When I select just the counties that are both high in precipitation and high in lung cancer mortality, you get the map above. Most of the counties are located in the Southeast United States. We spent awhile working with Dan Carr and the epidemiologists at NCI to try and tease this apart further, to no avail. There’s nothing there to report – it’s just correlation, nothing causal. It’s not that rain has any real impact on lung cancer mortality. It just happens to rain more where there are people who meet a range of other risk factors. This is a perfect example to demonstrate how correlation is not the same as causation.

Playing Tricks with Scale

Another major pitfall here relates to the scale at which you conduct spatial analysis. Depending on the scale at which you look at a Geographic pattern, you can derive completely different results from the exact same underlying data. This is called the “Modifiable Areal Unit Problem” or MAUP in acronym form (and said aloud it sounds like the noise that comes out of your throat after eating too many nachos).

Let’s explore this issue now by looking at some data about Solar Potential in the lower 48 United States. Solar Potential refers to the suitability of a particular place to develop solar power. The data I’m working with here is from the National Renewable Energy Laboratory (NREL). The first map shows the average annual solar potential by States. You can see right away that some states look better than others.

map of average annual solar potential by States. Most potential shown in South Western States
Figure 4.5: Annual Solar Potential by State
Credit: Created using the GeoViz Toolkit

But what if I use the same underlying data and instead of aggregating to States, I come up with measures for counties instead? You can see the map below showing the same data if it’s represented at the county level. The picture is already a lot more nuanced than the state map, right? A lot of states that were shown in one color up above actually include members of several categories when you look at the data by county.

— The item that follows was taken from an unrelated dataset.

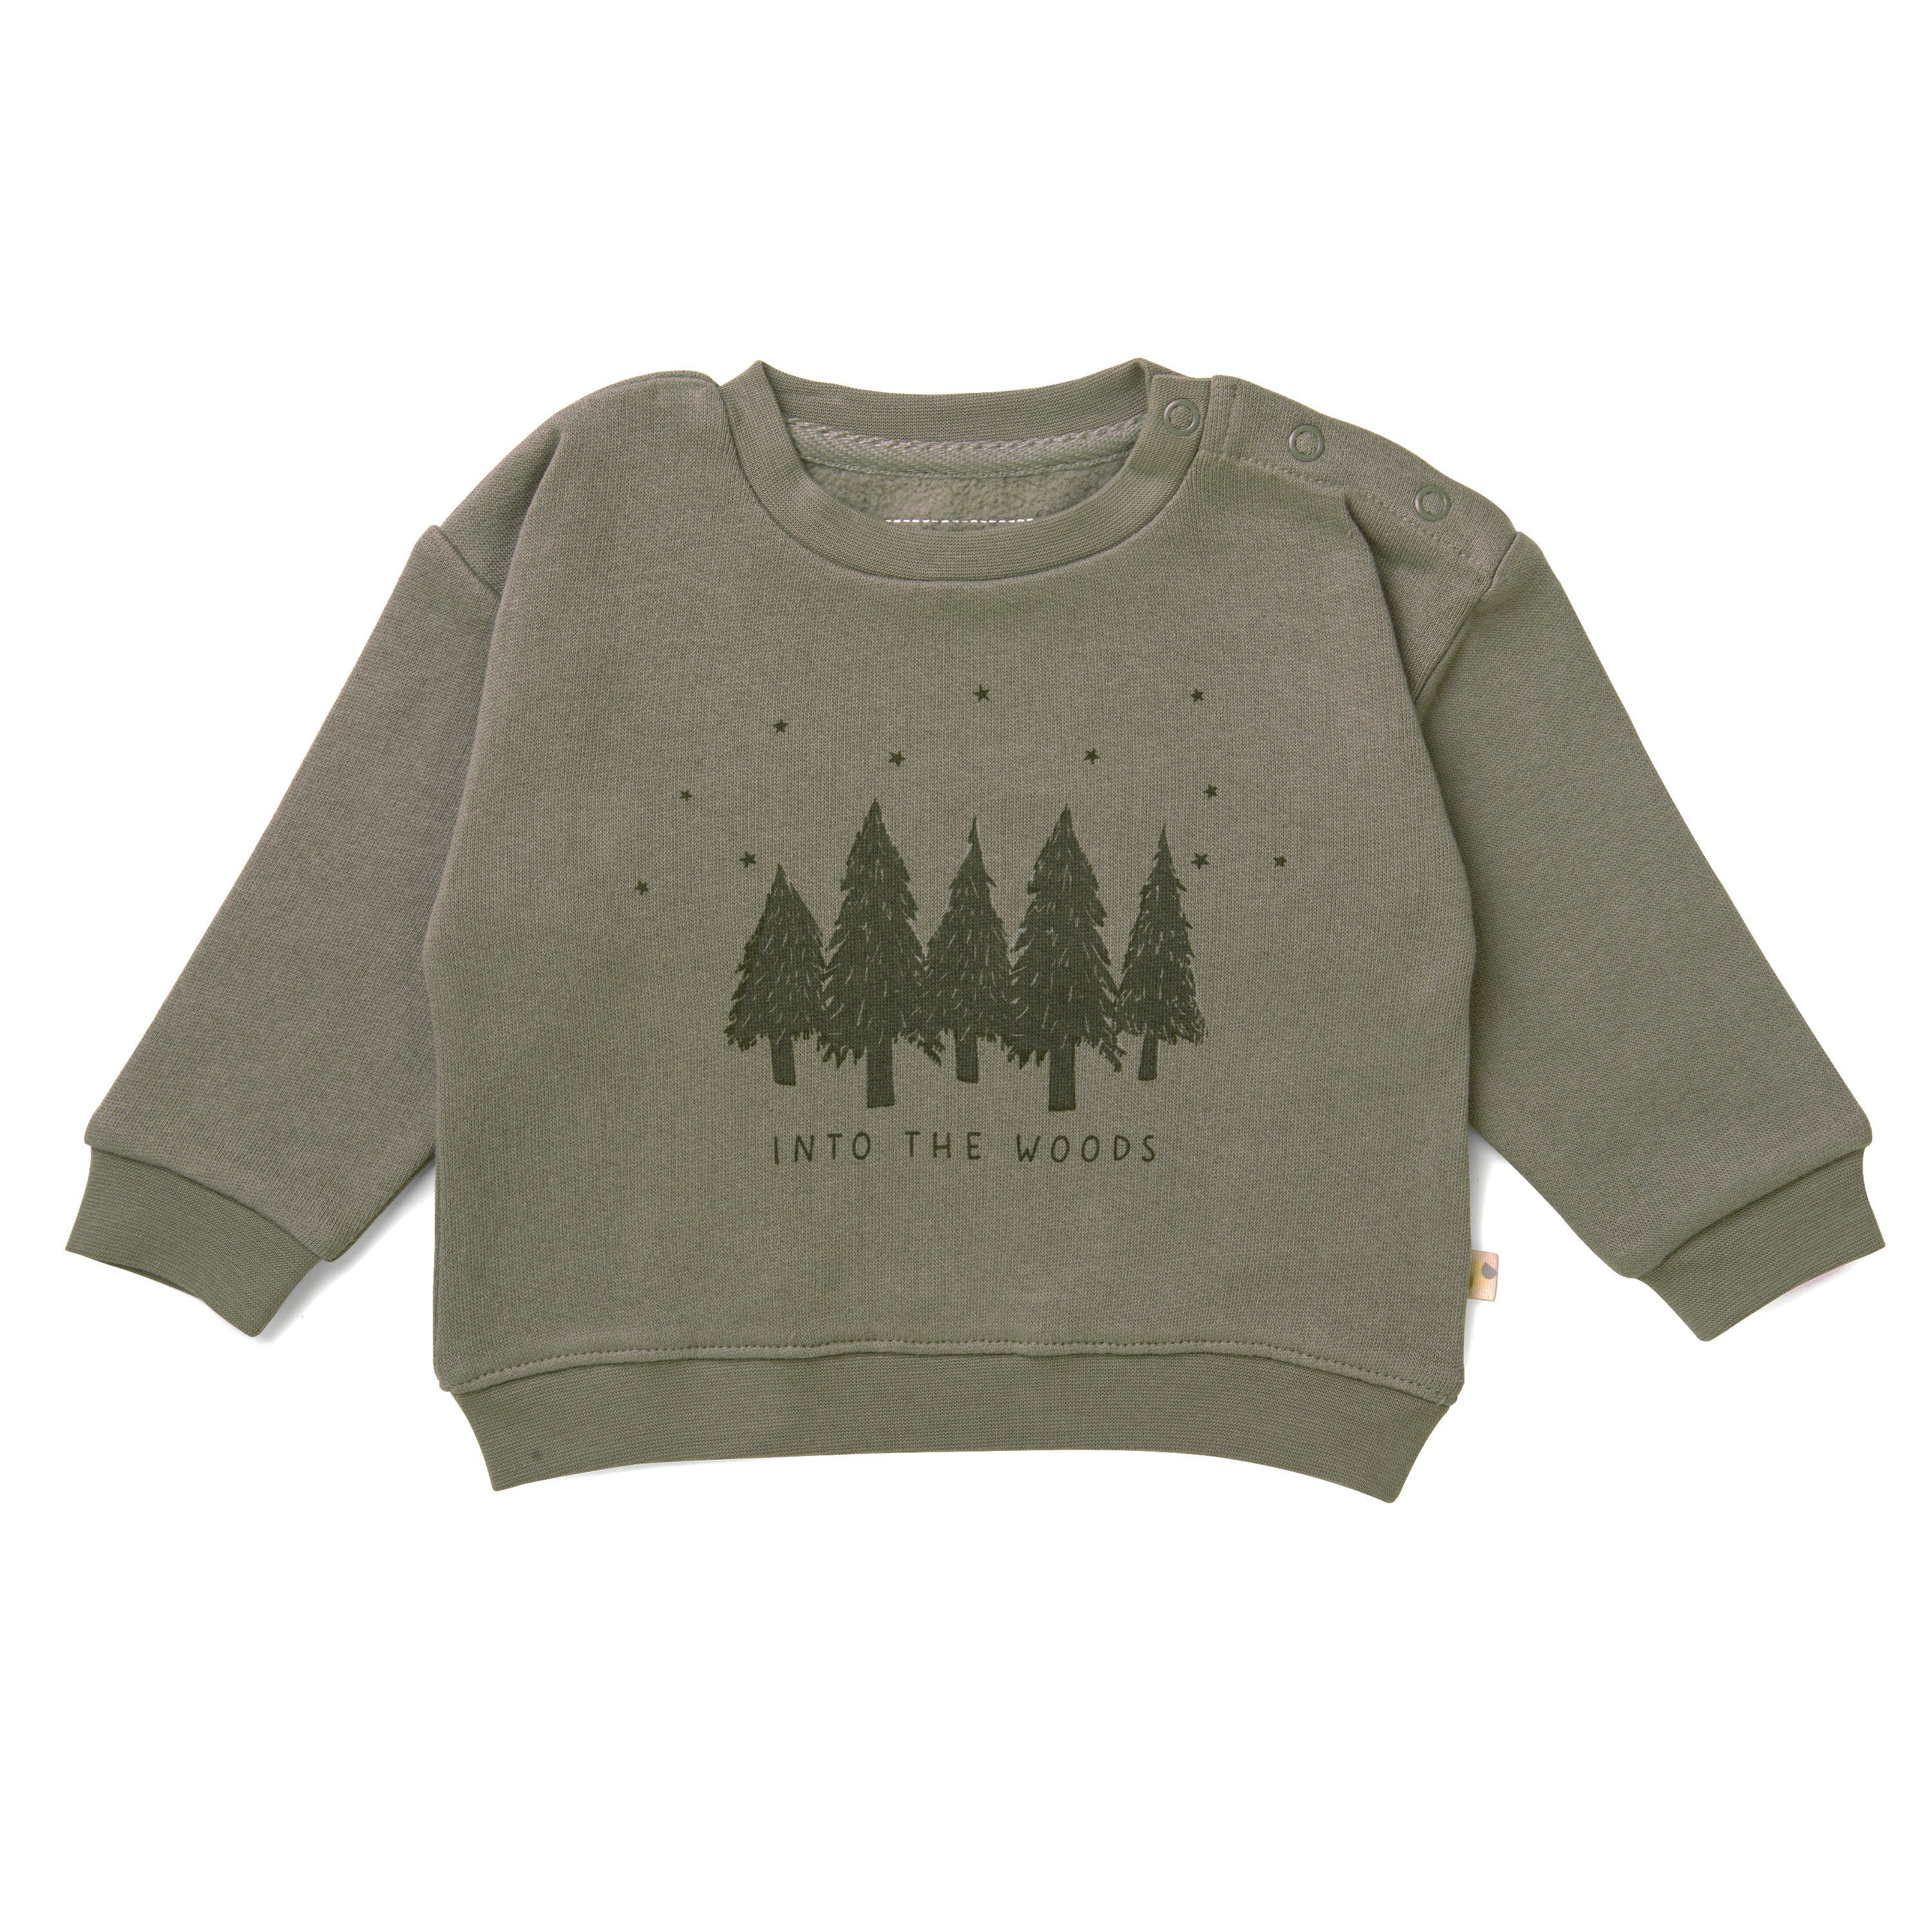 Organic Baby olive green toddler sweatshirt featuring a row of pine trees and the phrase "into the woods" printed on the front, displayed on a plain white background.

map of average annual solar potential by county. Shows more areas with higher potential than the state map does
Figure 4.6: Annual Solar Potential by County
Credit: Created using the GeoViz Toolkit

And the third map here shows the original underlying data that the other two maps were based on. The original data source calculates solar potential in 10 kilometer grid cells. So that’s why things look a bit rough at the edges. This is actually the most precise measurement level, however. I’ve overlaid the state and county boundaries so that you can see how the raw data compares to the units by which we typically try to aggregate things.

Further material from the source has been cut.